I started the year well. By using Sarah’s trip to Chicago at the start of November as a writing retreat, I had several days of uninterrupted work and a goal to accomplish on a timeline. That was the beginning, but not the end. I started an original work, but stalled on it a few months later, needing time to work through some things in my head. I pivoted back and dove into fandom with the help of a friend who is an endless supply of inspiration, ideas, art, and smiles. By the end of May, I had finished two full novels, already better than 2019.

The fact that I did the bulk of the work on the second of those during the March-May period of the initial uncertainty around Covid helped encourage me. June’s creativity was stymied because I was putting a lot of energy into BLM and the protests in Minneapolis. But my brain was awake again, and ideas were always close to the surface.

Then, two things happen in July. For one, I got sick. That made writing difficult when I couldn’t get my fingers to move, or couldn’t sit at a table , or couldn’t hold a laptop on my lap.
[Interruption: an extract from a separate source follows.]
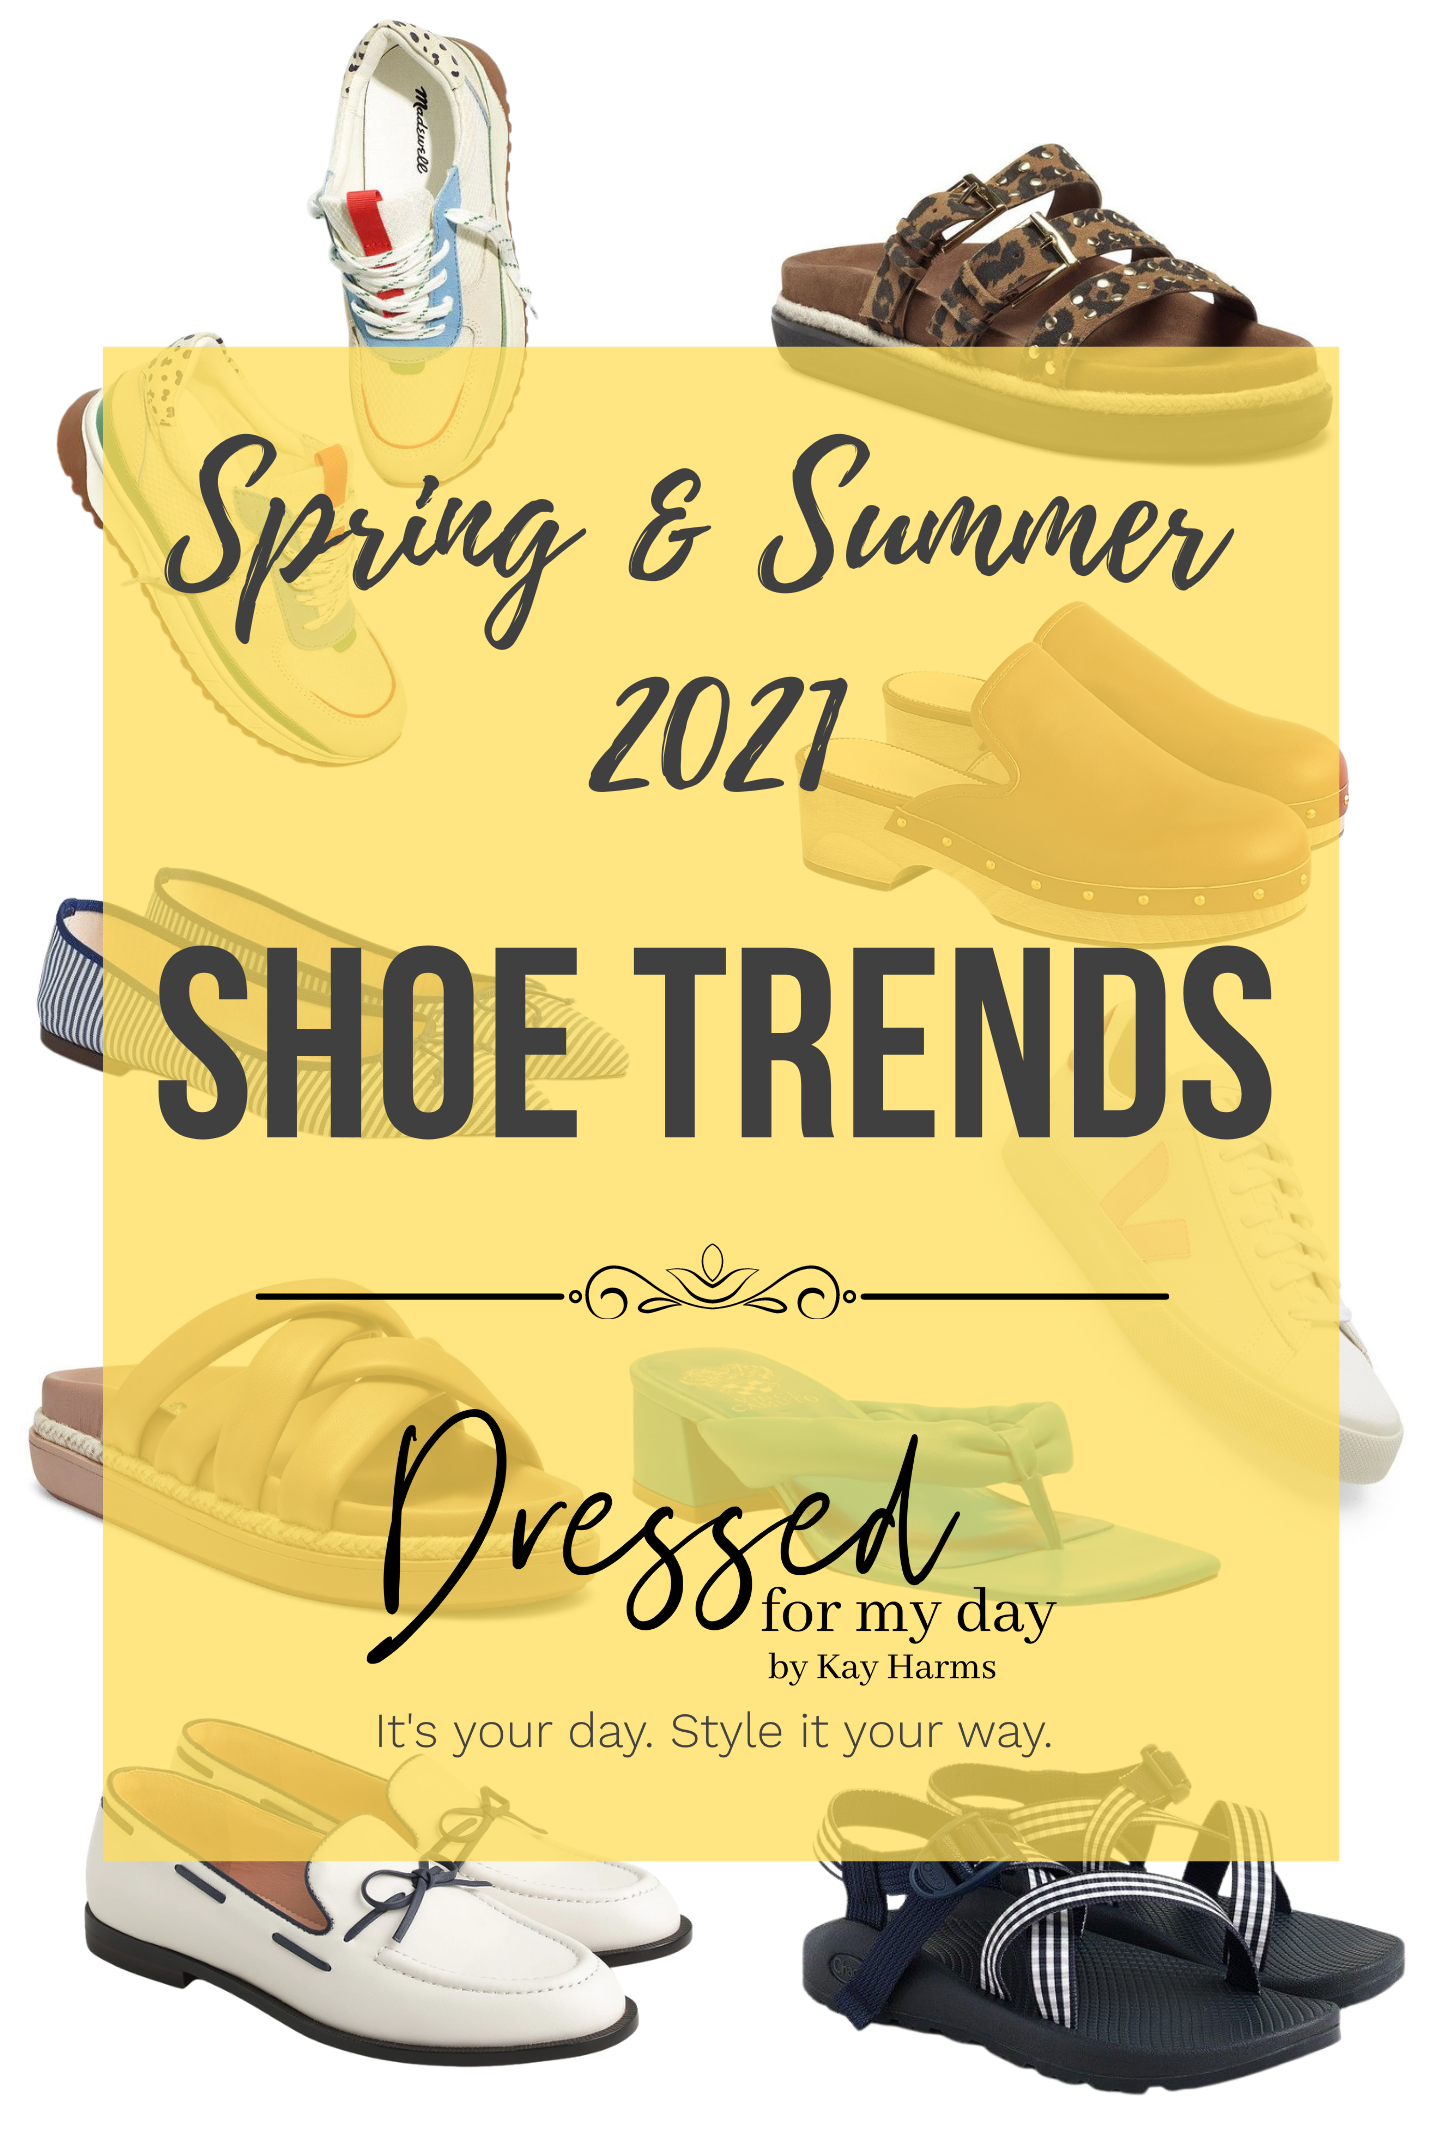 Spring & Summer 2021 Shoe Trends

But I also got hit with a story idea so compelling, writing was the only thing I wanted.

I decided that, if I can’t save or fix our timeline, then I was going to rewrite the MCU instead and give them a better future in our place.

I began the typing on MCU part 1 at almost the exact same time as the flare-up, but being sick and hurt made every moment of writing all the more precious. And so by the end of August, I had finished it at 99,000ish words.

The beginning of September brought a change to my job as well as my now-fluctuating health, so even though I kicked off part 2 right away, I lost a lot of time to those two things. I had a new boss, a new set of priorities, and the continuing adventure of waking up to wonder which joints would refuse to work. But the story was still there, still needed to be written, and it still fed me in ways nothing else could. So I fought with myself, carved out times in the evenings while Sarah worked or played on her computer, and made my long days even longer.

Last week, I finished MCU part 2 at 136,000ish words. There are at least two more parts to go.

It feels really good, I’m not going to lie. It feels really good to come through so much this year and still be able to hold up truly substantial wordcounts for myself. It’s nowhere near my peak, of course. But it is the biggest step on the path I could have made. And now, with the MCU burning in my head, I find myself thinking about last winter’s abandoned original novel — and planning ways to finish it and begin the querying process again.

Because if querying ends in heartache again, I now have all the proof I could ever need that I can write anyway. That adversity can’t stop the creativity in me, and if I put in the work to go with it, I can still make stories in the darkest of times and the darkest of timelines.

For anybody playing along at home, here is the 2020 writing total, and my all time totals:

What isn’t represented here is the MCU-specific stats. I’m tracking those in their own sheet where I can keep all my notes and the changes to the timeline and everything else. And what that tells me is that my words per day average for the MCU fics is 2,353. But that’s for all days from the start of the project through today. If I look at my daily totals (which I record, because I’m a nerd), then I find that my average writing on days I wrote anything at all is 5,587. I am basically writing a full chapter every time I sit down to work on it.

I have a ton to improve on. I need to keep up this momentum and bring the rest of my rewritten MCU to light. I need to go forward with the next original novel and try to birth it into the world. I need to get back to posting to this blog more than once a month or so. There is so much room to grow, but today I know I can do it. I came through Covid and this horrifying year and still created stories worth having and sharing.

It’s one more line of resilience inside me, one more pillar to hold me up. One more folding of the steel in my heart to make it stronger and sharper. Every dark day I stand up a little more is one more dark day that I can get past. Every failure, every disappointment, they become the stones beneath my feet as I climb up the hill.

And I’m still climbing.

2020 saw me overcoming. May 2021 bring even better days.